Adding to the complexity, various attachments have been developed that increase the functionality of the buttstock by allowing the rifle to be carried in both a horizontal "ready" position and conventional carrying position. For purposes of discussion, the term "conventional carrying position" refers to a rifle carrying position where the rifle is placed over the carrier's shoulder in a more or less vertical position; in contrast, the term "horizontal ready" position refers to a rifle carrying position where the rifle is oriented in a horizontal direction.
Thus, there exists a need for a simply designed buttstock that reduces the total number of parts, overall weight but preserves the functionality of the stock.
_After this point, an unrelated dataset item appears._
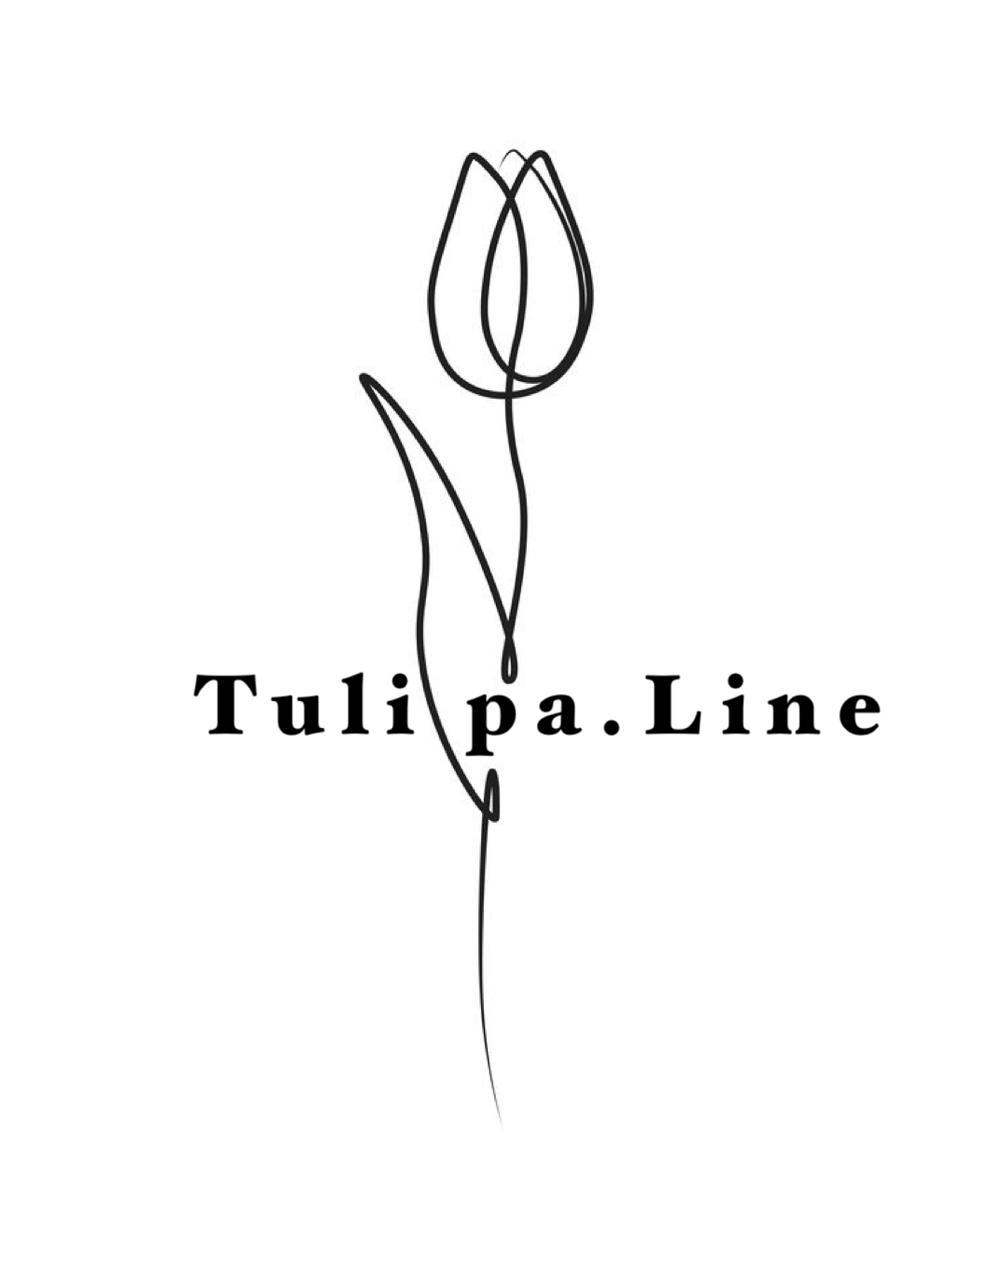 Tulipa.line

According to its major aspects and briefly stated, the present invention is a buttstock for a rifle. The buttstock is molded from synthetic materials and contains two integrated slots for a sling to enable the rifle to be carried in multiple orientations. The improved stock, however, fits in the same envelope as a current M-16 rifle stock. The buttstock is molded to have a triangular-shaped channel formed in the center. Surrounding the channel is a shoulder on the top of the buttstock and a shoulder on the bottom with a butt plate at the end of the buttstock. The shoulder on the top of the buttstock encloses a borehole to hold a recoiling spring. Formed in the buttstock is a pair of slots so that the rifle can be carried in any one of multiple positions. On the buttstock is a plurality of horizontal teeth that serve as a grip to position the rifle while firing.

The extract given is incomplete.